いい匂い……香水かな……安心して眠たくなってきてしまう。
「……ぐっ、はぁ……はぁ……その必要は無くなったみたいだ。……はぁ……プラーミャからの爆破予告がたった今届いたらしい……」
「宜しいんですか? 我々に情報を明かしても」
コウメイさんがボロボロになり床に這いつくばってスマホを操作する降谷さんを見下ろしながら嗜めた。
「……いずれ所轄内で共有される情報です。……『ツクバ付近の花火大会中に爆弾を起爆するが、大会を中止したり爆破予告があったことを市民に知らせても同様に爆発させる』とのことで……ゴホッ……」
降谷さんが息も絶え絶えに教えてくれた情報。
「待ってよ降谷ちゃん……。それって、俺達の動きを見越されていないか? なんで急に日本で市民を巻き込む爆破予告なんてしたんだ? 原作になかった事件であって、ここからは未知な状況になるにせよ、いきなりピンポイントで近日中に起きるなんて変じゃないか?」
確かに、4年後まで存在を語られていなかった存在で、『ハロウィンの花嫁』の映画を飾る作中最強格のボスキャラクター。

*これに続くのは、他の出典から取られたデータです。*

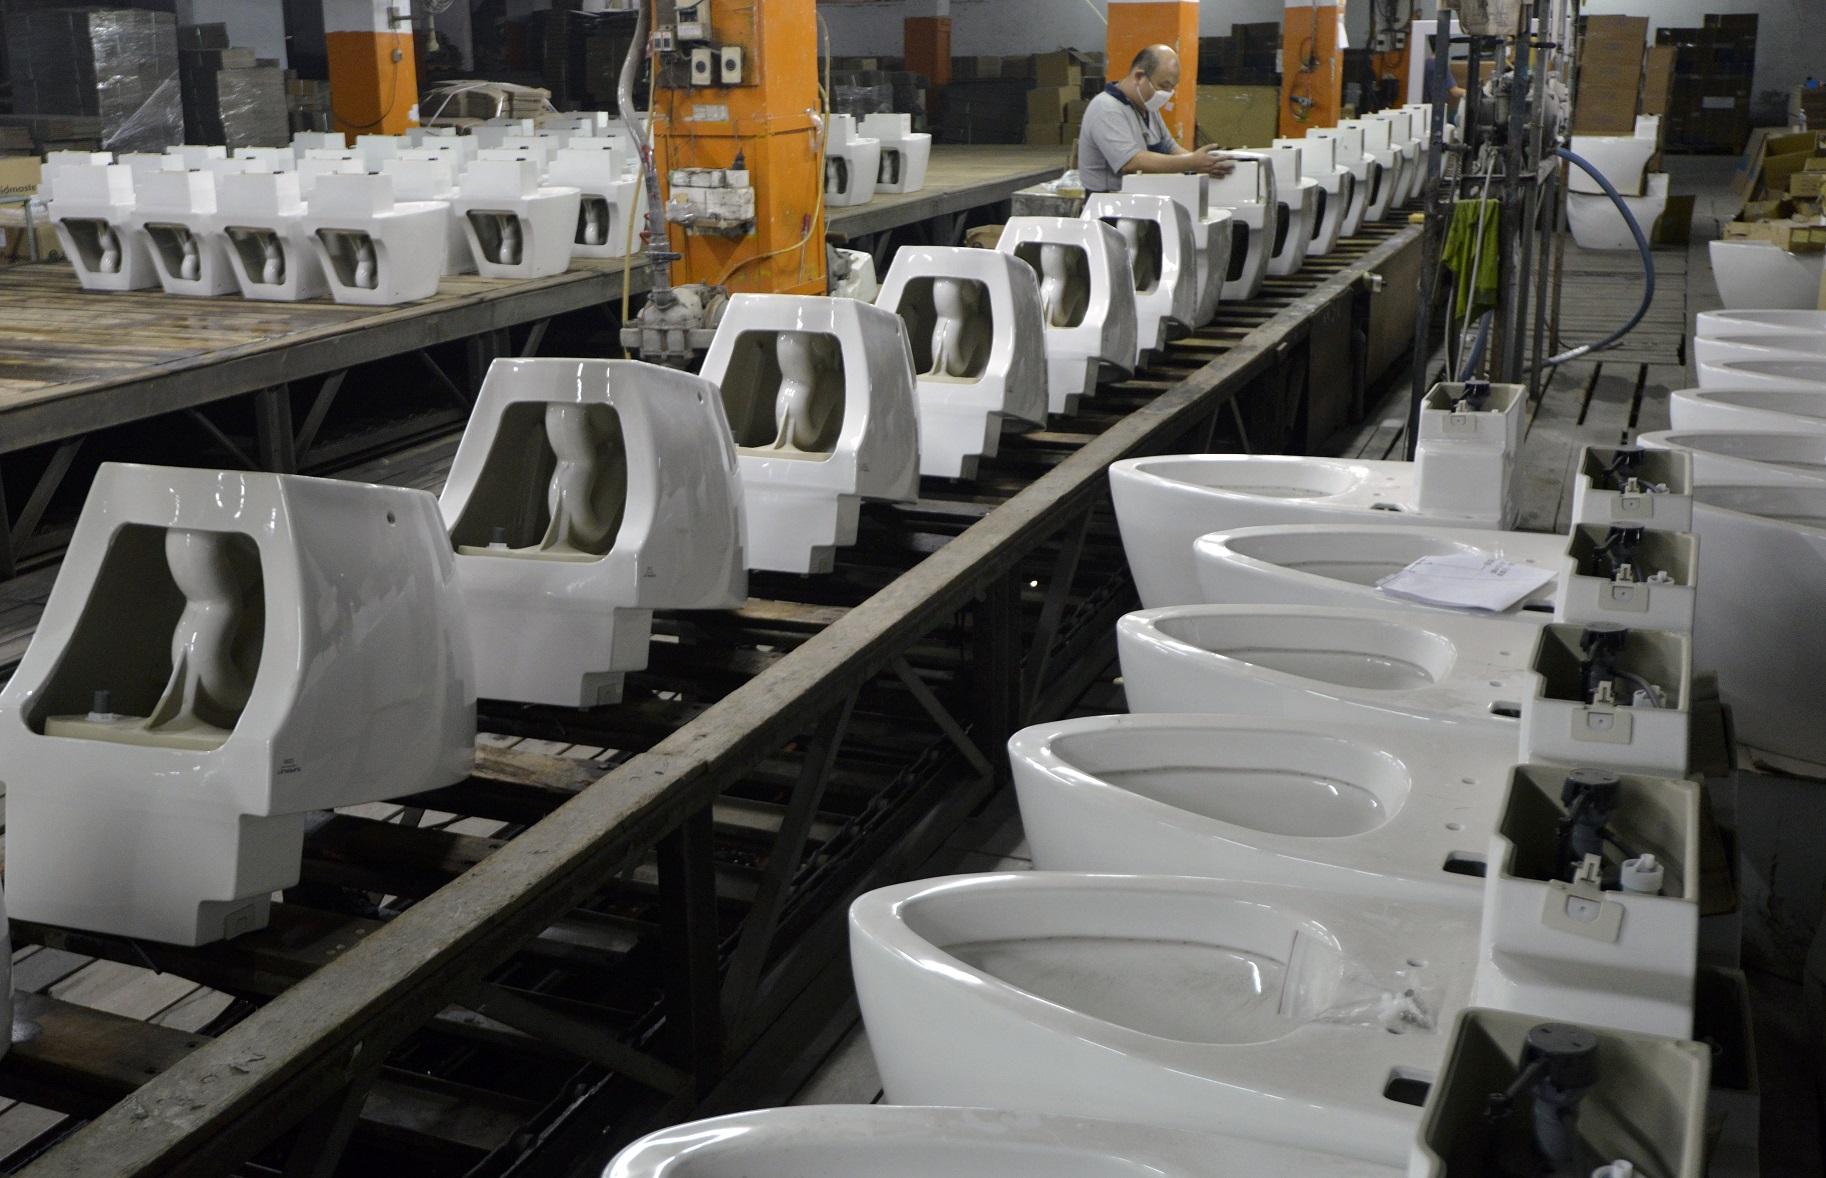 Fábrica de vasos sanitários em Taiwan. Foto de Sam Yeh/AFP

「確かに、俺達三爆処トリオに爆弾解体をしてみせろっつう宣戦布告にも見えるな。……あ、龍絶は休暇中か」
……まさか。
『ロシアで頻発している爆発事件の犯人の目星を伝えます』
バイジウのスマホに来ていた通知、そこに書かれていたのは、明らかにプラーミャの実態と潜伏先に関する断片的な情報だった。
……もしかして、組織がプラーミャを使って何かを爆発させるつもりなん?
それなら、プラーミャの援護にジンやウォッカ、コルンにカルバドスがつく可能性だってある。
……最悪は、バイジウが直接乗り込んでくるかもしれん。
「龍絶、顔色が悪いぞ……大丈夫か?」
……うちは。
うちはまだ肝心な秘密を話すことは出来へん。
……組織に所属するスナイパーで、義兄が組織のナンバー3だという事実を話してしまえば、即時逮捕勾留拘束尋問ののち極刑は免れない。
うちは地獄に堕ちる。
だから罪を裁かれるのは甘んじて受け止める。
……けど、今捕まるわけにはいかへんねん。
5人の将来に渡る障壁になり得るプラーミャという存在を解決してからやないと、うちは地獄に行くわけにはいかんのや。